Character data types store characters, such as digits and letters, in strings. This topic describes the most commonly used character data types.
The byte sequence in a string is encoded by using a specific coding scheme, which is also called a character set. You can specify a character set, such as UTF-8 or GBK, for a database when you create a tenant.
Character data types are usually defined by length semantics, byte semantics, and character semantics. The length semantics specify how to measure the length of a string, whether by bytes or characters. The byte semantics treat a string as a sequence of bytes. This is the default option for character data types. The character semantics treat a string as a sequence of characters. A character in a character sequence corresponds to a code point in a database character set.
VARCHAR2 and CHAR types
The most common character data type in a database is VARCHAR2, which is the most efficient type for storing character data. The VARCHAR2 type stores variable-length string constants, such as 'LILA', 'St. George Island', and '101'. In contrast to numeric constants such as 5001, string constants are enclosed in single quotation marks (' ') so that the database can distinguish string constants from numeric constants.

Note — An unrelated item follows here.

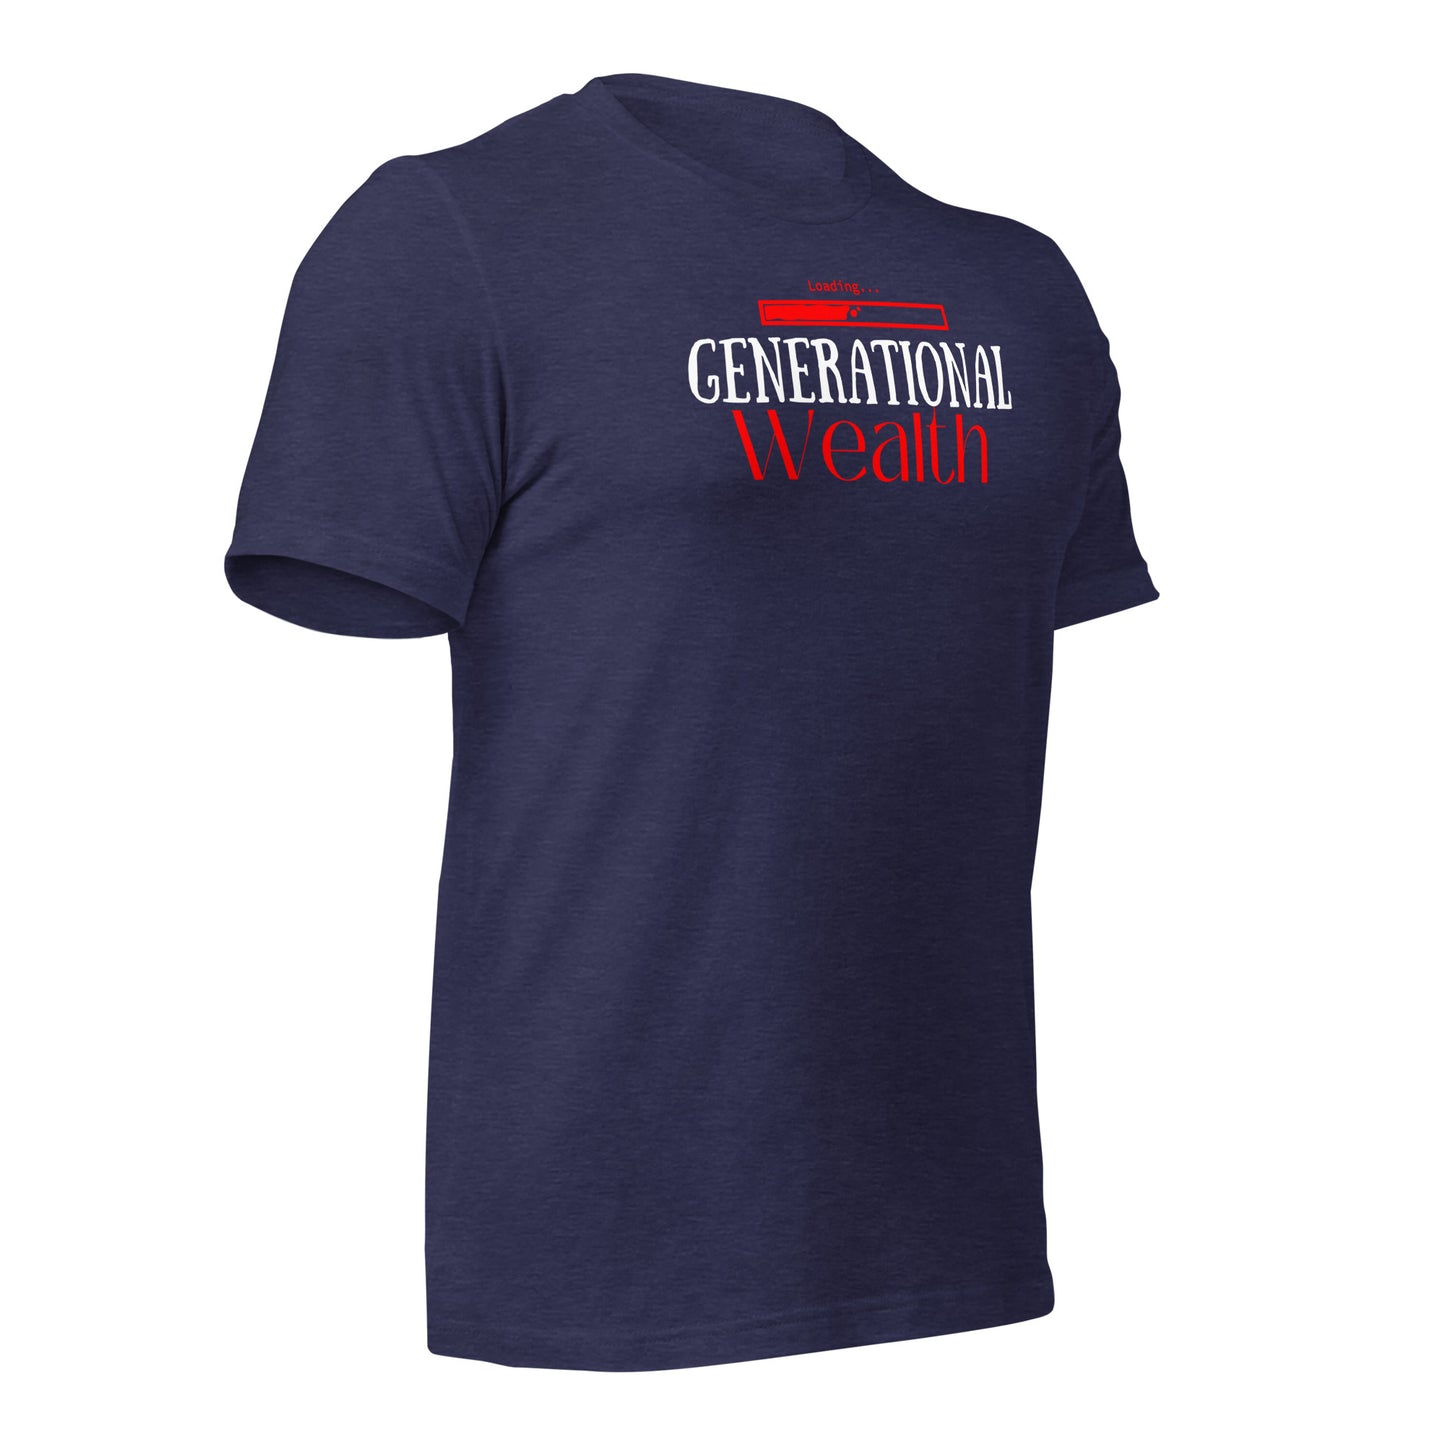 Generational Wealth Loading T-shirt for Entrepreneurs

When you create a table with a VARCHAR2 column, you can specify the maximum string length that the VARCHAR2 column supports. For example, VARCHAR2(25) indicates that a value stored in the column can be up to 25 bytes in length.
For each row, the database stores a variable-length value in the column. If the value length exceeds the maximum string length defined for the column, the database returns an error. For example, if you insert 10 characters into a UTF-8-encoded column that supports a maximum string length of 25 characters, the column stores 10 characters instead of 25 characters. This way, the VARCHAR2 type reduces the consumption of storage space. In contrast, the CHAR type stores fixed-length strings. The default length is 1 byte. If the actual length of a value is less than the specified length, the database uses spaces to pad the value to the specified length.
OceanBase Database in Oracle mode compares VARCHAR2 values without padding spaces and compares CHAR values with the spaces padded.
NCHAR and NVARCHAR2 types
The NCHAR and NVARCHAR2 types store Unicode characters.
Unicode is a universal character set that can store characters of any language. The NCHAR type stores fixed-length strings, whereas the NVARCHAR2 type stores variable-length strings. These types use a national character set, which can be set when you create a tenant. A national character set stores local special characters in your region. For uniformity of standards, the national character set must be a Unicode character set, for example, AL16UTF16 or UTF-8.
When you create a table with an NCHAR or NVARCHAR2 column, the column conforms to character semantics.